Nice work on the duct channel.


----------



## Hurriken (Jul 7, 2008)

Update:

I have built 5 of 7 MDF boxes.




































After I finish the next to boxes I have to pull them all out. I need to level and secure the base, finish the cold air return, and move the electrical outlet.

I am going to move the fish tank and pull the wall board down behind it. I have a dead mouse problem back there...long story. I will add the outlet there. I am thinking that I don't want that would there anymore. so I need to decide whether to use drywall or MDF there. Someone suggested earlier to make it a feature wall which I think is a good idea. As usual I value your opinion and experience.


----------



## Hurriken (Jul 7, 2008)

Once I level the base should I secure it to the walls with screws or let it float free? There will be a lot of weight on it. I don't think it will move.


----------



## Hurriken (Jul 7, 2008)

So my daughter walks in the day after the above pictures and and asks when I'm replacing the "seventies paneling". Big mouth. Then I watch over the next few days as my wife starts thinking about it. My wife said she decided we would change the paneling in a few years. That would mean removing part of the closet. So a month and a half later the closet is in the same state but all the paneling is gone, drywall is up, taped, and painted. I have also talked my way out of the 32" TV that is in the room to a 55"!!! 

I'll get back to work on the closet soon.


----------



## Hurriken (Jul 7, 2008)

I have finally finished this project. My wife is very happy with it so that makes it all good. Thought I'd post some pictures. FYI the project changed in the middle. I had a contracter friend look at it and he was very concerned about my intention to make the facing and door from MDF. He was afraid the Screws would pull out. I decided to use Pine 1x's and that led to me buying a table saw which in turn led me to watching tons of DIY videos which led to my wife deciding she wanted a natural wood look instead of all white.

I completed the backside of the cold air intake. I had a friend move the outlet out of the cold air intake and away from the closet.









Instead of making big heavy 3/4" doors with decorative strips glued to it I learned how to make dado cuts.








So I built doors from pine 1 by's and maple plywood.









I finished with clear satin polyurethane which looks great until you get close, then not so good. I decided to leave it.

This is with the facing and no doors.









This morning after I finished it.









I decided to make the cold air intake plate myself. I used leftover pine and I bought the metal grate at big orange.I put some metal plugs in the back of the wood that the screws screw into...I forgot what they are called!

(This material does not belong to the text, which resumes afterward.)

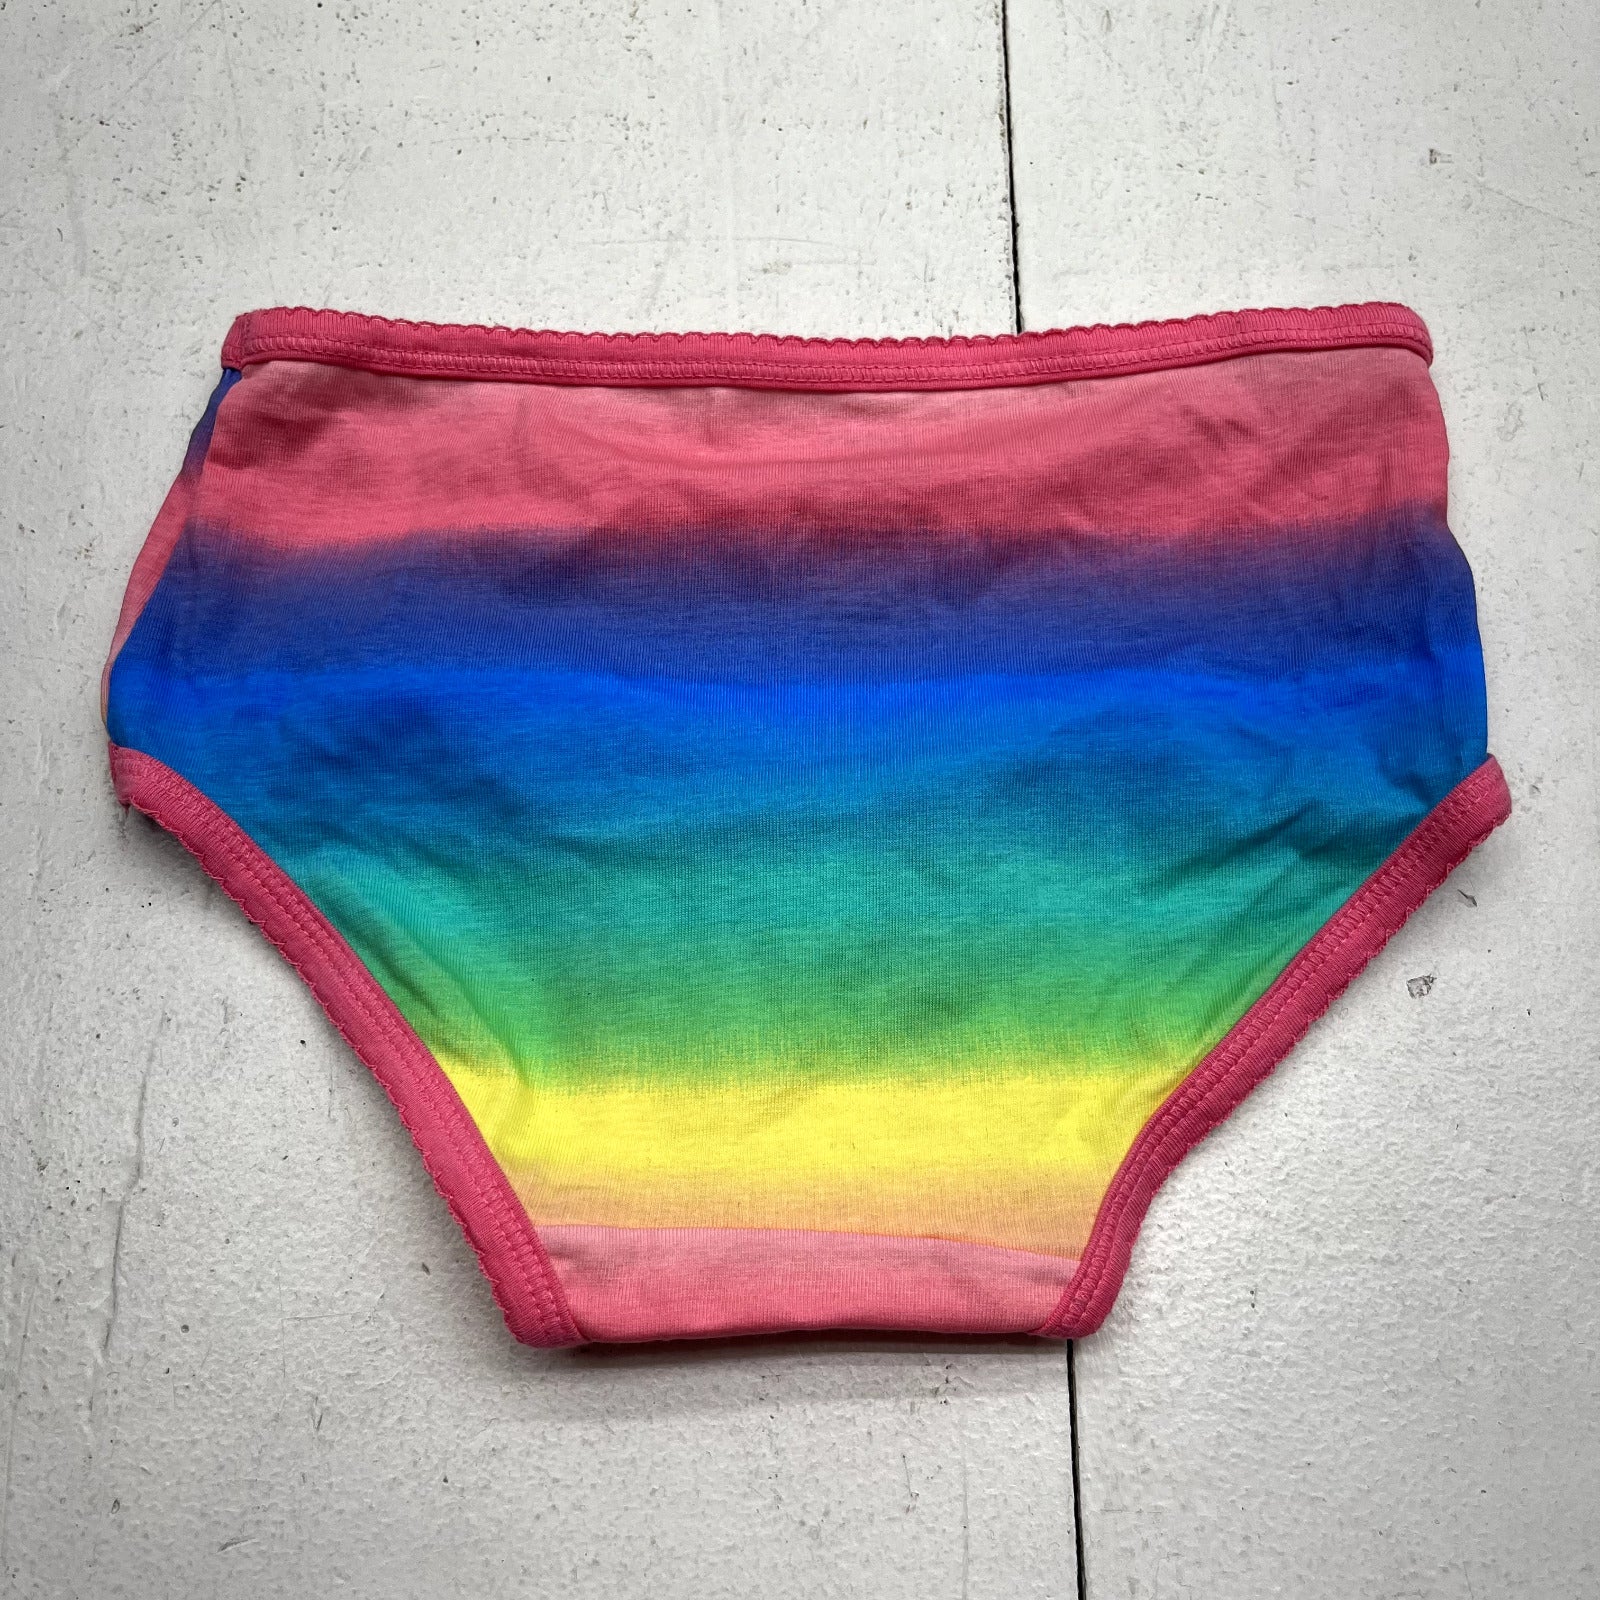 Carters Multicolored Brief Underwear Girls Size 8 NEW - beyond

Next project is the floor in this room.


----------



## MT Stringer (Oct 19, 2008)

That turned out nice. Good job.


----------



## Hurriken (Jul 7, 2008)

Thanks MT Stringer.

I just added up all the materials and it is still cheaper than the unit we were going to buy at IKEA. Plus there is a lot of leftover materials that I can use on a future project.


----------



## MT Stringer (Oct 19, 2008)

I just got to thinking. You did a good job. But watch out. If you walk into your kitchen and your wife is standing there looking at her cabinets, you might be in trouble! :surprise::devil3:


----------



## Hurriken (Jul 7, 2008)

We just had the kitchen redone two years ago so I'm good there. I did open my big mouth though. She asked what I was planning to do with the leftover materials and I said I was thinking about building some cabinets for the laundry room. Yeah me, who needs free time anyway?


----------



## jlhaslip (Dec 31, 2009)

They look great.


----------



## Hurriken (Jul 7, 2008)

I just want to add something incase someone is considering a project like this. If I were to do this again I would pour self leveling compound on the floor first. I had a terrible time leveling the base of this. I am now going to do the floor and discovered that I have to pour it anyway and would have saved myself some grief by doing it first. To be honest I didn't even know there was such a thing as self leveling floor compound!!!


----------